What makes important's offer more attractive than Netflix's?
important's bid values Warner Bros. Discovery at $111 billion ($31 per share) compared to Netflix's $83 billion. Beyond the higher price, important included a $7 billion reverse termination fee, committed to paying Netflix's $2.8 billion breakup fee, and secured a personal guarantee from billionaire Larry Ellison. These protections reduce the execution risk and give Warner's board greater confidence the deal will close.
What happens to the Netflix-Warner Bros. deal now?
The Netflix agreement remains technically in force until important's "superior proposal" status is finalized. But with Netflix declining to raise its bid, Warner Bros. Discovery's board will likely move forward with terminating the Netflix deal and accepting important's offer. The transaction still requires regulatory approval, which could take several months.
Frequently Asked Questions
Why did Netflix decide to walk away from the Warner Bros. deal?
Netflix determined that the price required to match Paramount’s latest offer made the deal no longer financially attractive. The company’s own investors had expressed serious concerns about the size of the acquisition, the regulatory risks of owning a major Hollywood studio, and the strategic fit with Netflix’s existing business.

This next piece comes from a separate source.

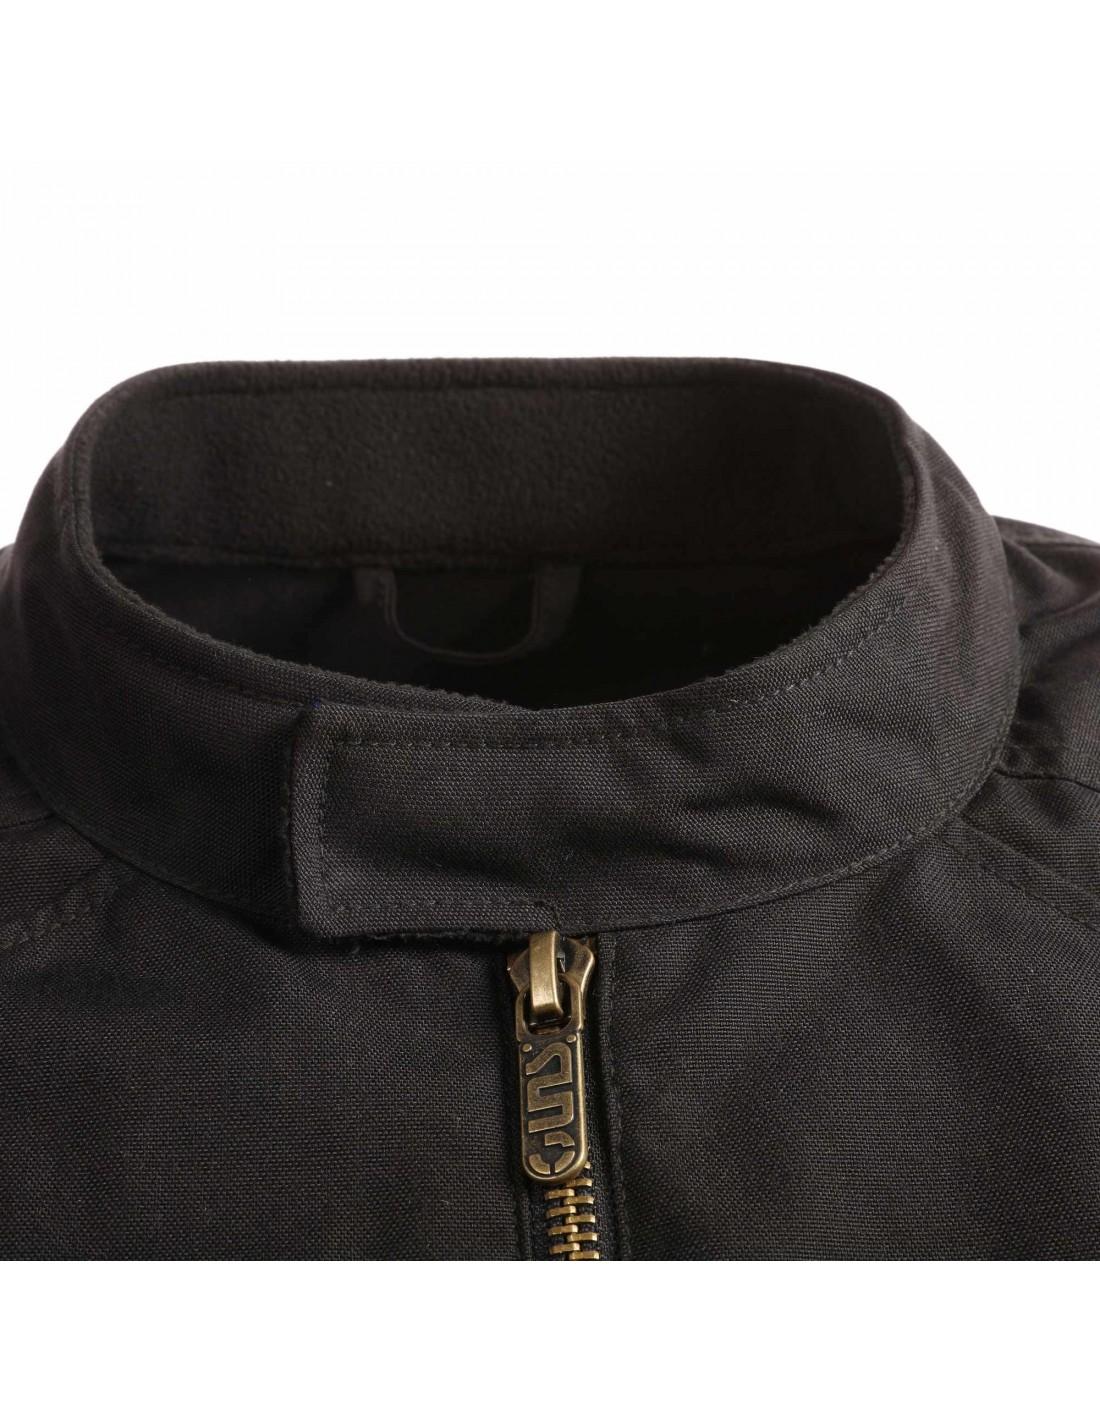 blouson moto textile guns mesh gunswear. Black Bedroom Furniture Sets. Home Design Ideas

Netflix decided being disciplined about deal economics was more important than winning the auction.
What makes Paramount’s offer more attractive than Netflix’s?
Paramount’s bid values Warner Bros. Discovery at $111 billion ($31 per share) compared to Netflix’s $83 billion. Beyond the higher price, Paramount included a $7 billion reverse termination fee, committed to paying Netflix’s $2.8 billion breakup fee, and secured a personal guarantee from billionaire Larry Ellison. These protections significantly reduce the execution risk and give Warner’s board greater confidence the deal will close.
What happens to the Netflix-Warner Bros. deal now?
The Netflix agreement remains technically in force until Paramount’s superior proposal status is finalized. But with Netflix declining to raise its bid, Warner Bros. Discovery’s board will likely move forward with terminating the Netflix deal and accepting Paramount’s offer. The transaction still requires regulatory approval, which could take several months.